A closer look at Bing’s box and whisker plots to analyze CPC data

Posted On 18 Apr 2019

Comment: Off

The box and whisker visualization offers a view of both the mean and median along with four quartiles to identify statistical outliers. This is part two of a three-part series about Bing’s data distribution tools.

Today, to build upon our working knowledge of data distributions, we’re going to be analyzing CPC data using box and whisker plots. If you missed the first installment, get caught up on histogramsand meet us back here.
If you’ve finished part one of this series, then the histogram on the left should look familiar. The plot on the right is a box and whisker plot, created from the very same set of CPCs that we used in part one. Hooray for continuity!

First, let’s ground ourselves in some basics.
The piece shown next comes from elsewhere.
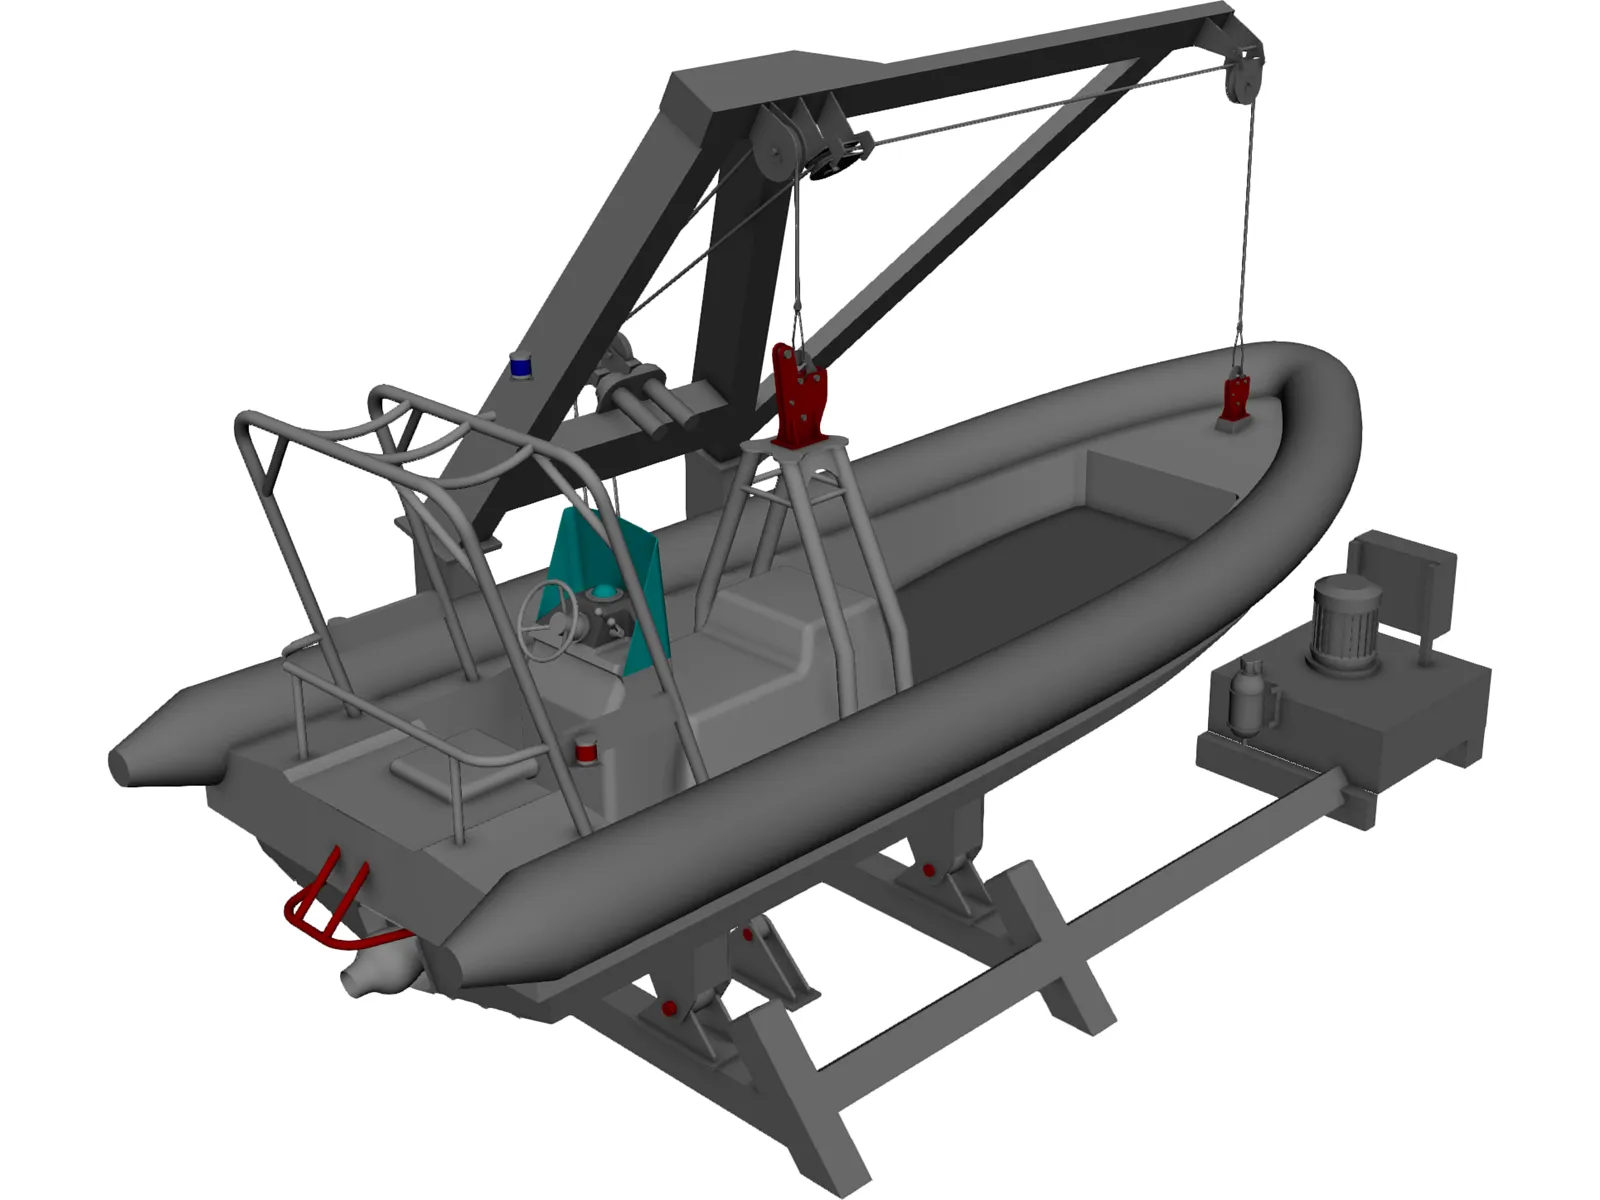 Davit and Inflatable Boat 3D Model

Because we are not segmenting our data in any way, and therefore using only one distribution, the CPC value will be expressed on the y-axis, and the x-axis will be null.

Now, let’s go through the components of the box and whisker plot. First off, the x.
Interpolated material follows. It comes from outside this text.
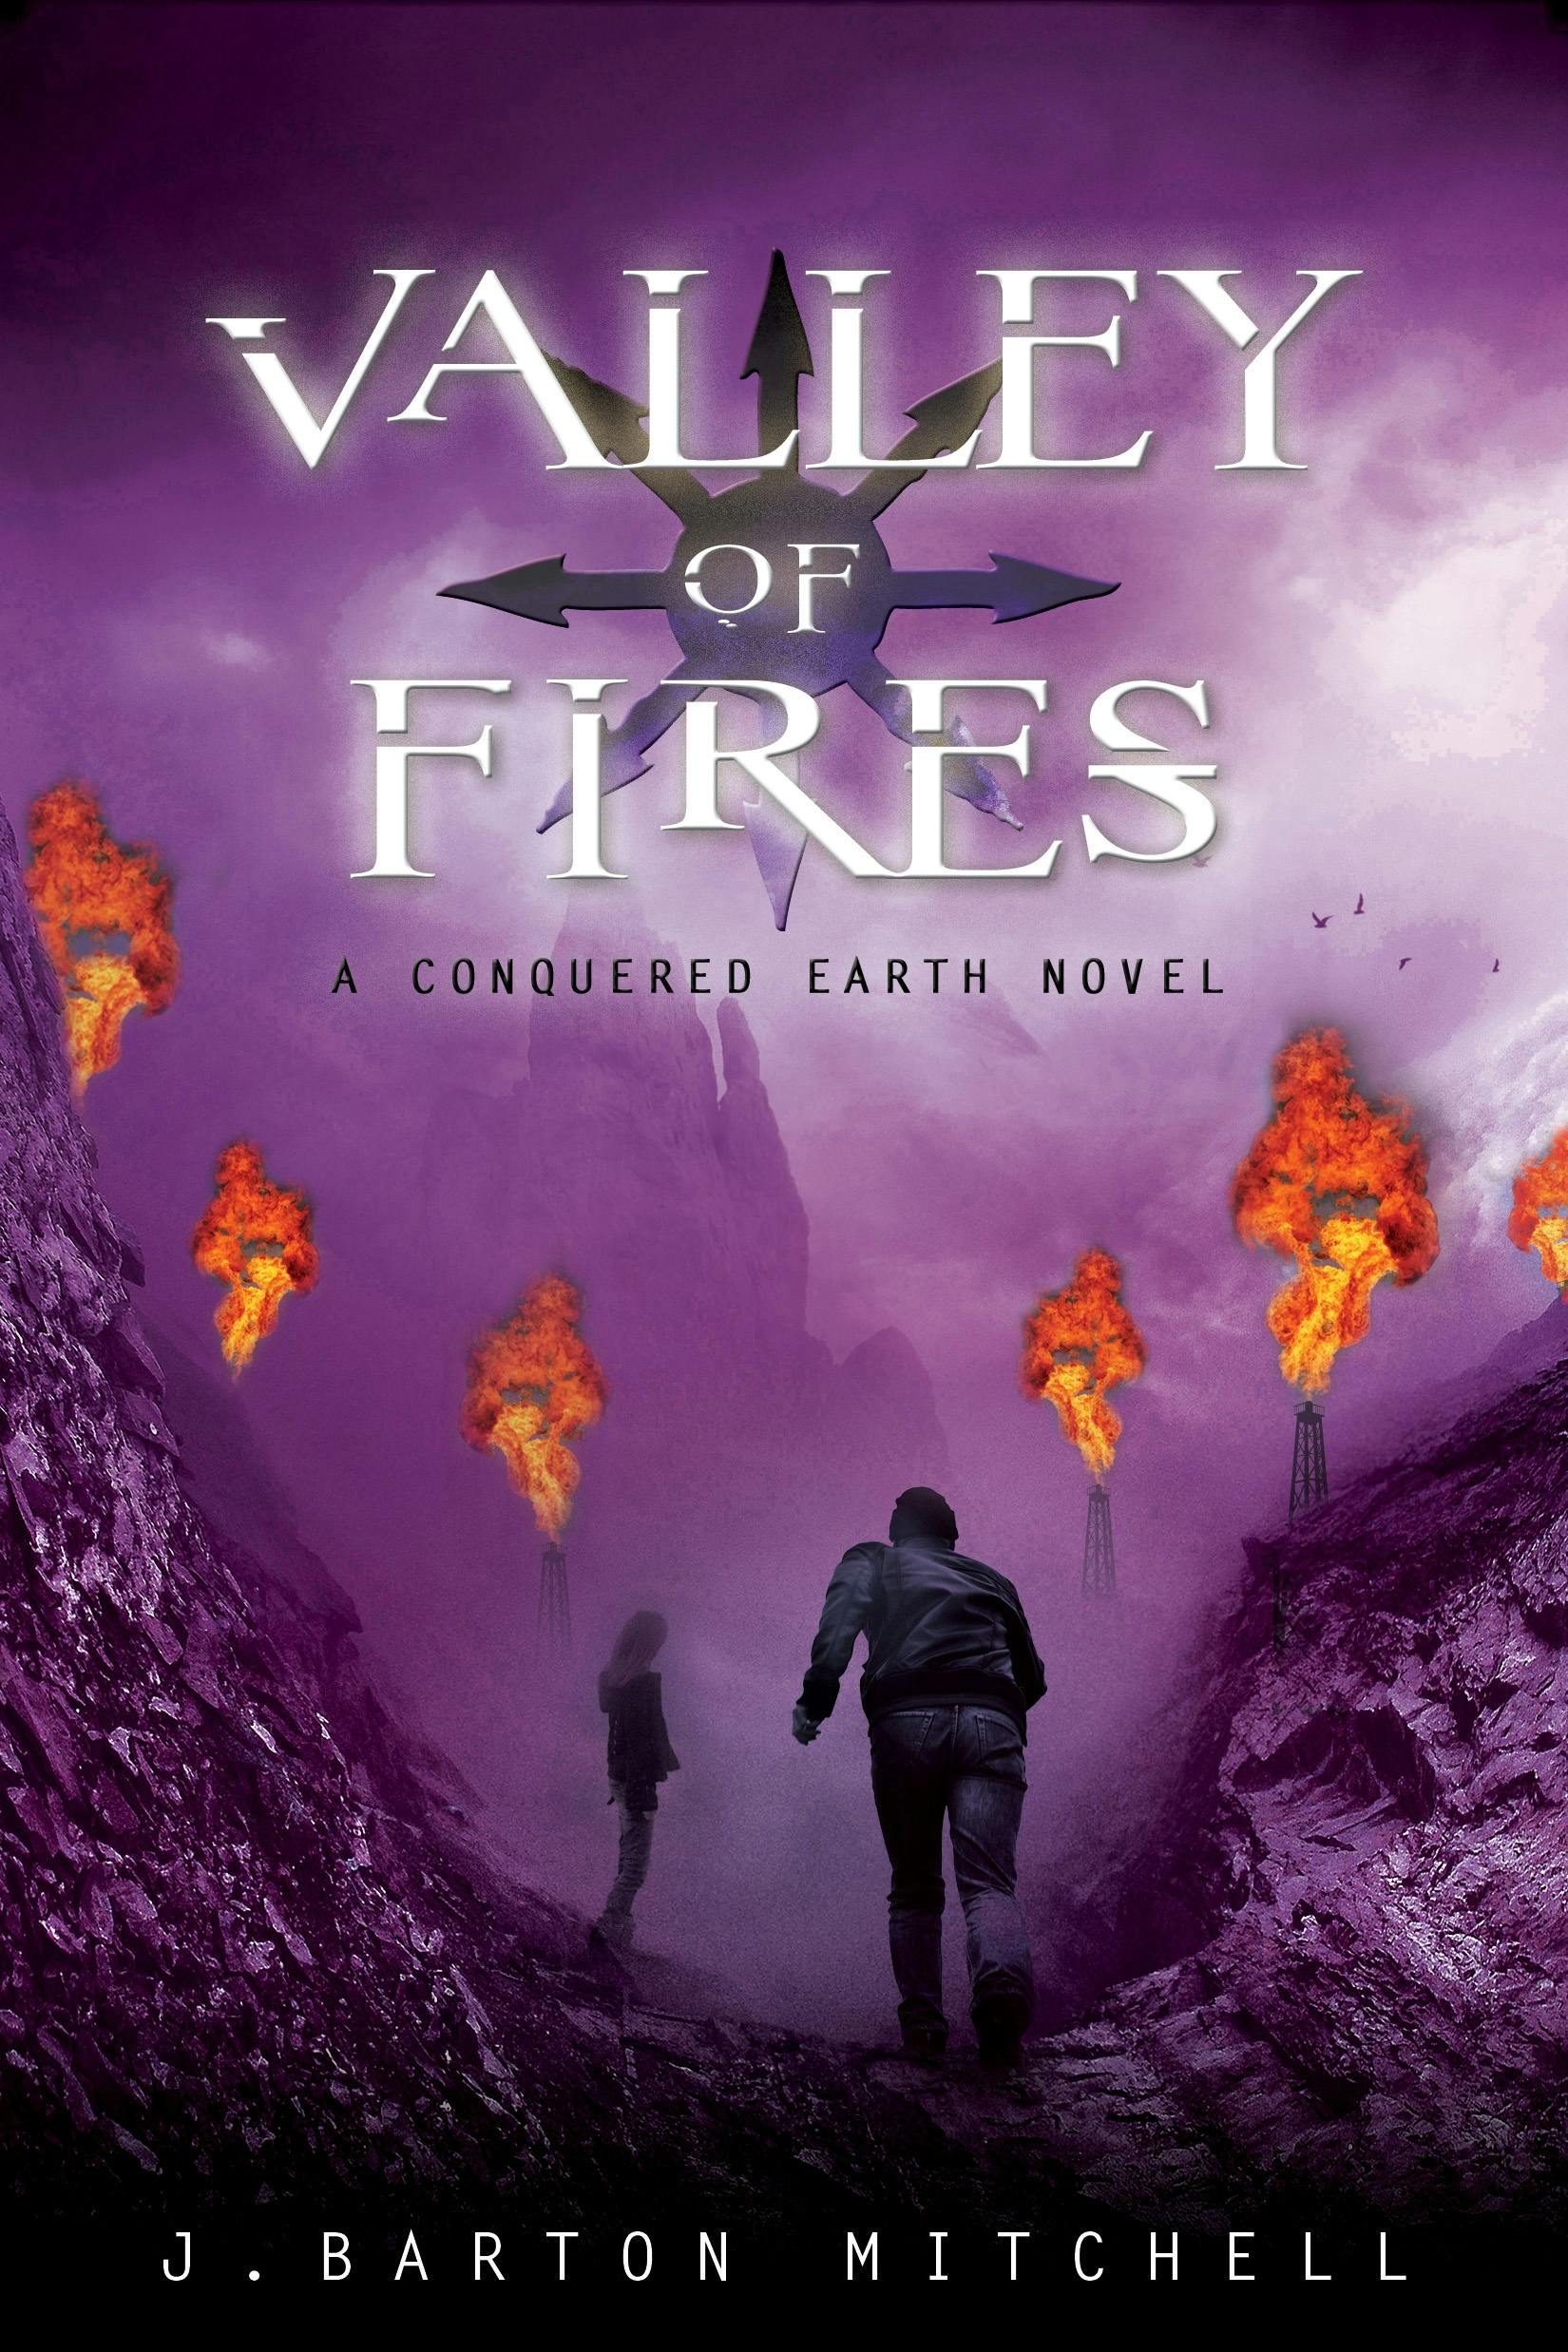 Image of Valley of Fires

This x represents the mean value of the distribution, which you’ll recognize as the simple average often associated with your search data. For the purposes of this exercise, the X is your average CPC. To that end, the line in the middle of the box represents the median.

While getting both the mean and median of the distribution in the visualization is a wonderful feature of the box and whisker plot, the four quartiles can help divine a lot of information that we can’t get at through a histogram.
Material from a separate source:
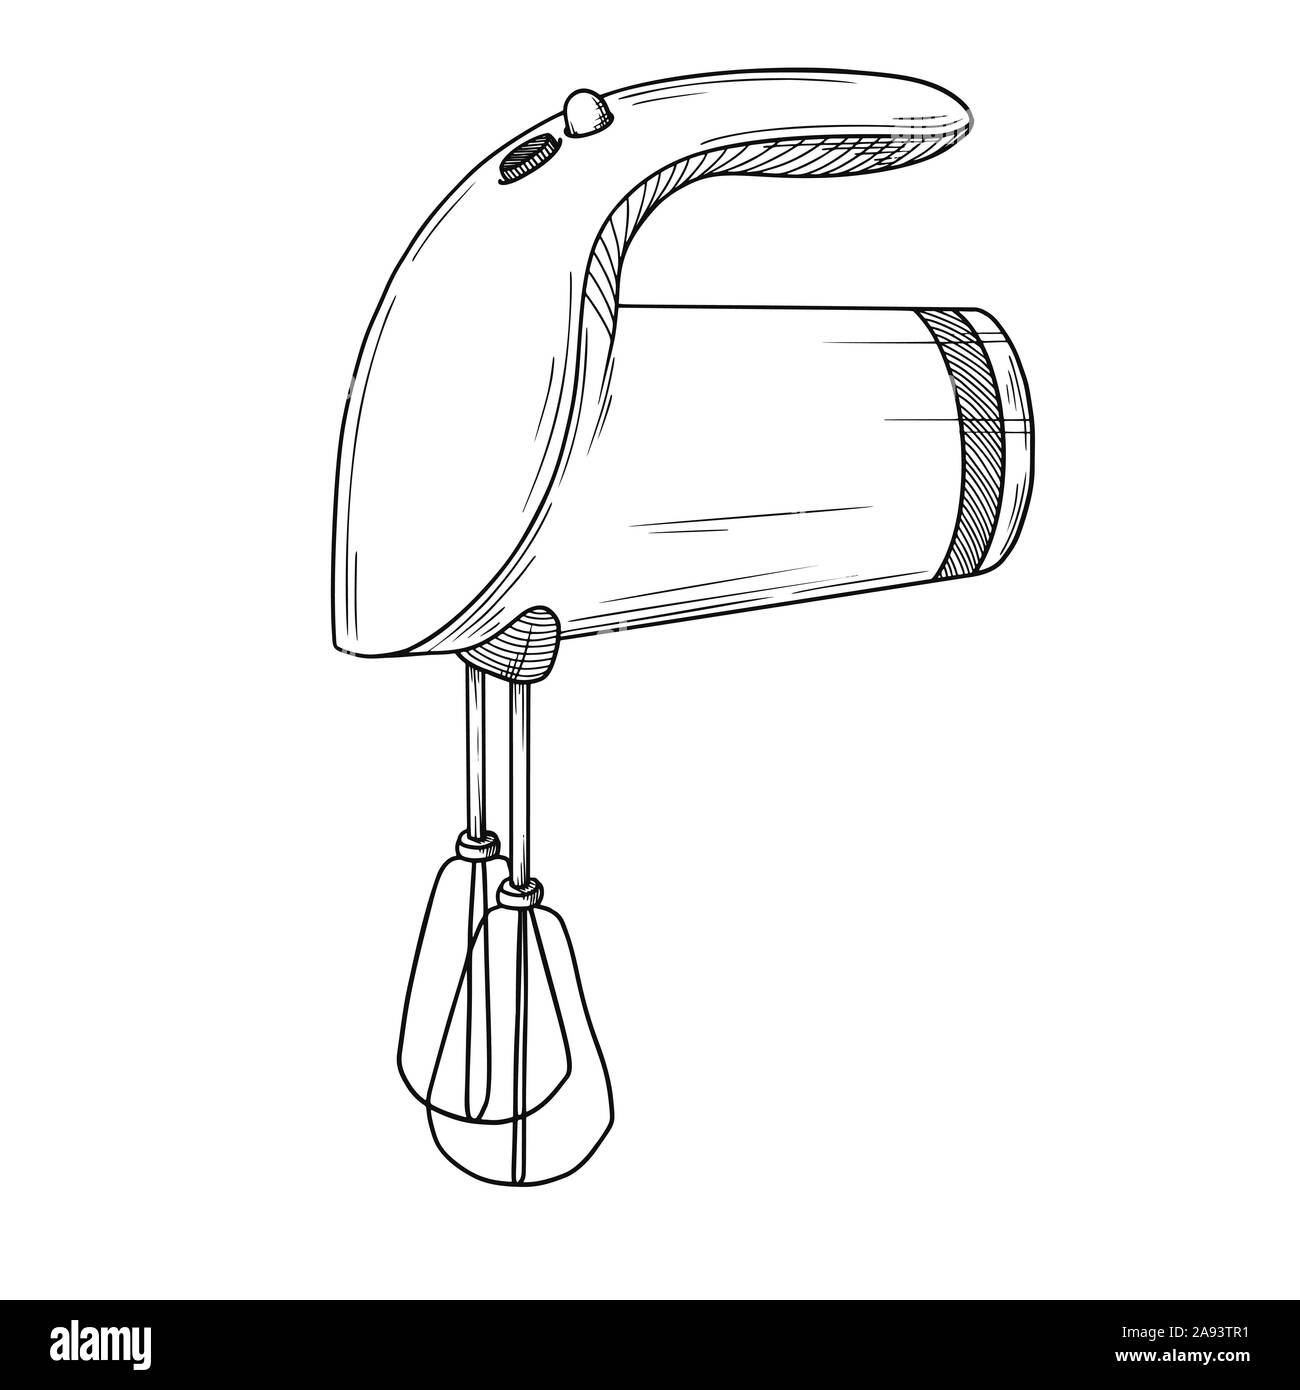 Hand mixer isolated on white background. Vector illustration in sketch style. Stock Vector

The bottom threshold of the box (or left-most threshold for a horizontally justified plot) is the lower quartile, or first quartile, or Q1, and it represents the number such that 25 percent of observations are less than it and 75 percent are larger. In this context, think of an “observation” as a single data point.

The top threshold of the box (or right-most threshold for a horizontally justified plot) is the upper quartile, or third quartile, or Q3, and it represents the number such that 75 percent of observations are less than it, and 25 percent are larger.

Following this same notation, you can also infer that the median serves as the second quartile, given that 50 percent of observations are greater, and 50 percent are lesser.

This can admittedly becoming a little confusing to keep track of. We’ve found that something that helps with intuition is to think of the quartiles as possessing ranges, and remembering that each range contains roughly a quarter of the total data points in the data set. Perhaps this pursuit would be frowned upon by the statistician purists of the world, but we take a bright view of whatever helps you learn. Hopefully the visual below helps conceptualize.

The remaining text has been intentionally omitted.